*** Opening of DATA SEGMENT ***

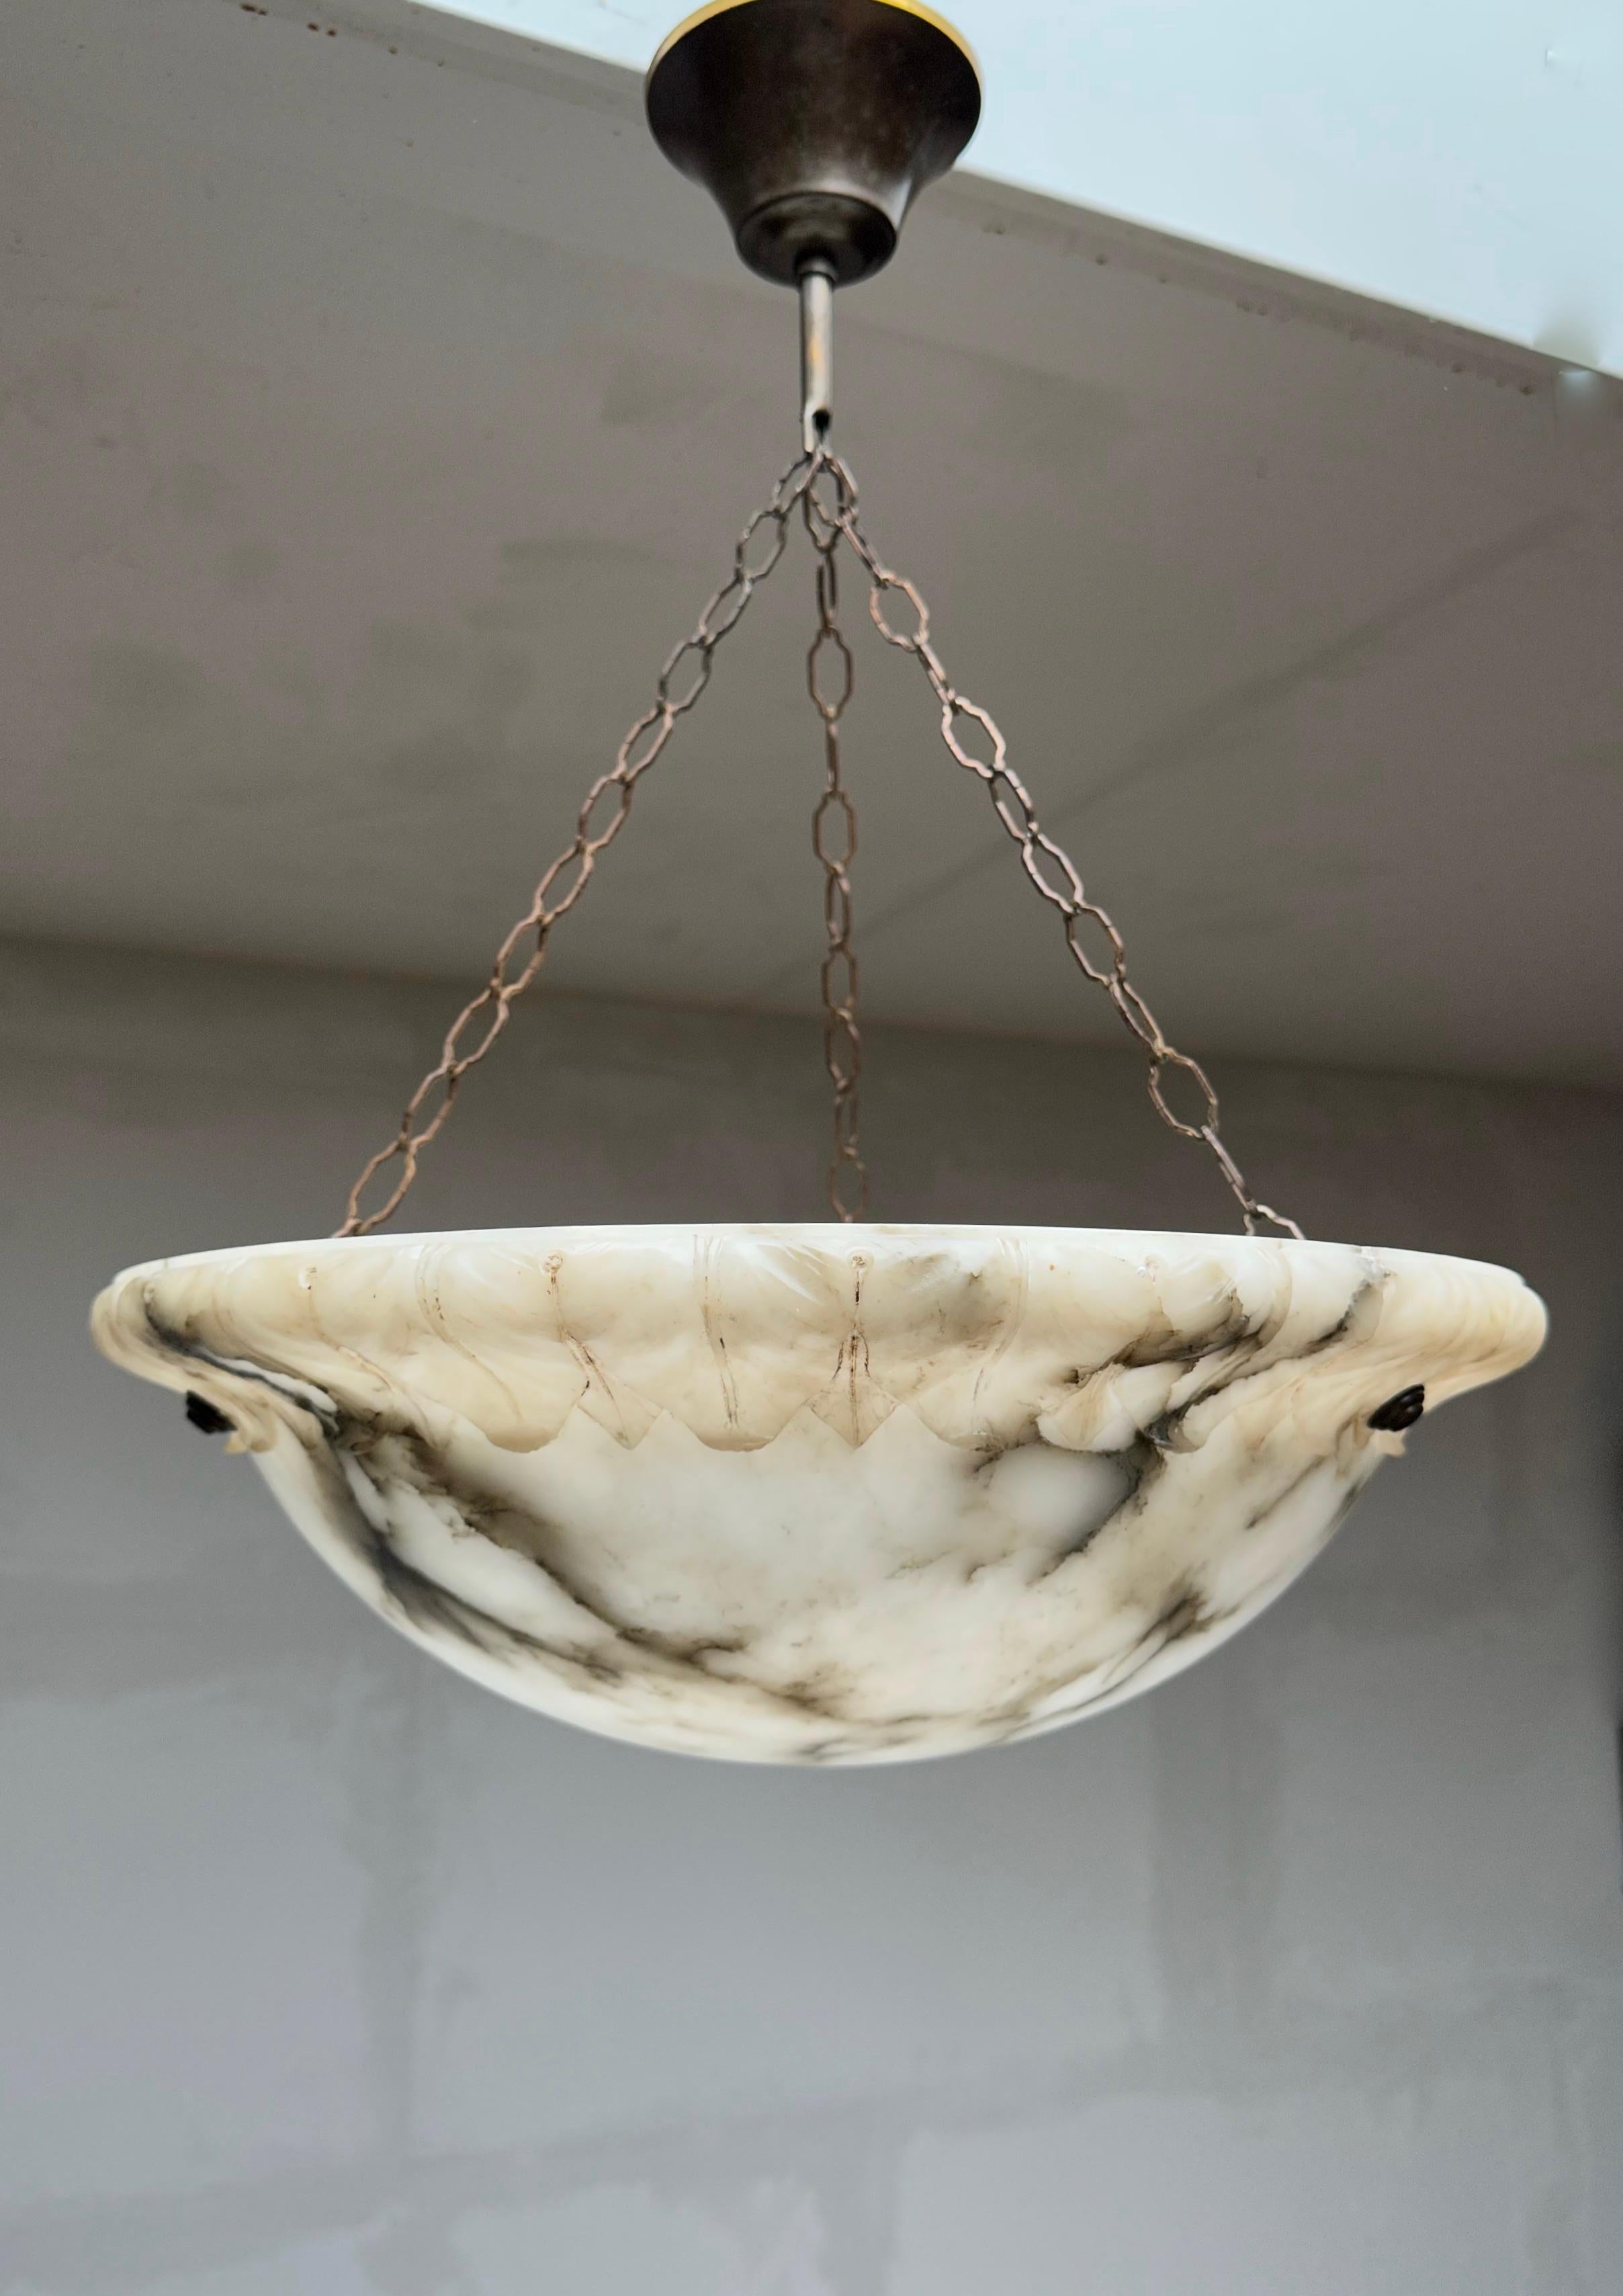 Superb condition chandelier with a stunning and good size alabaster mineral stone shade.

Thanks to it size, deep shape and remarkable design this alabaster chandelier will light up both your days and evenings. It is in excellent condition from
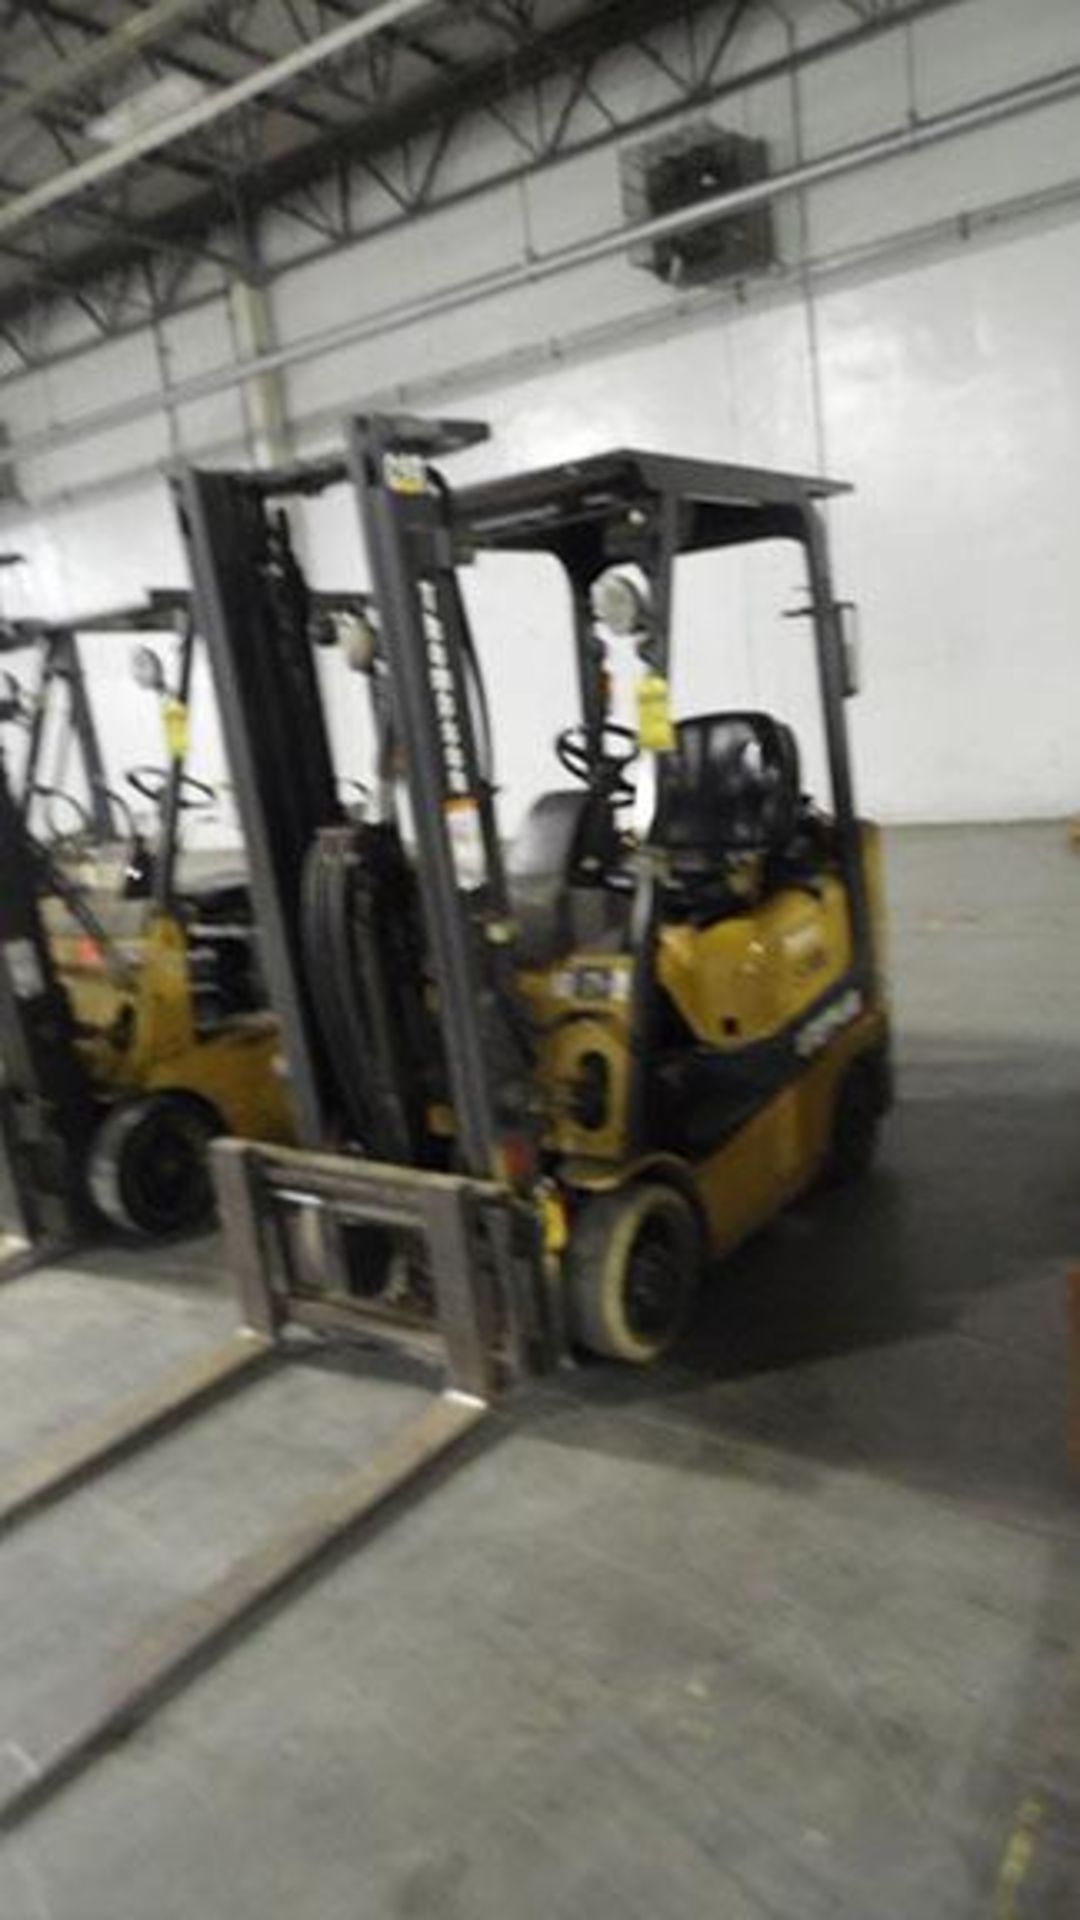 CAT 4,000 LB. CAPACITY FORKLIFT; MODEL GC18, S/N AX81DC1133, 2-STAGE MAST, LP GAS, SOLID TIRES, 45''

*** Close of DATA SEGMENT ***

**TASK DESCRIPTION**
Reproduce the lines from the one with "Thanks to it" through the end of the data, keeping both end lines, adding nothing, and dropping any pictures.

**SOLUTION TO THIS TASK**
Thanks to it size, deep shape and remarkable design this alabaster chandelier will light up both your days and evenings. It is in excellent condition from
 CAT 4,000 LB. CAPACITY FORKLIFT; MODEL GC18, S/N AX81DC1133, 2-STAGE MAST, LP GAS, SOLID TIRES, 45''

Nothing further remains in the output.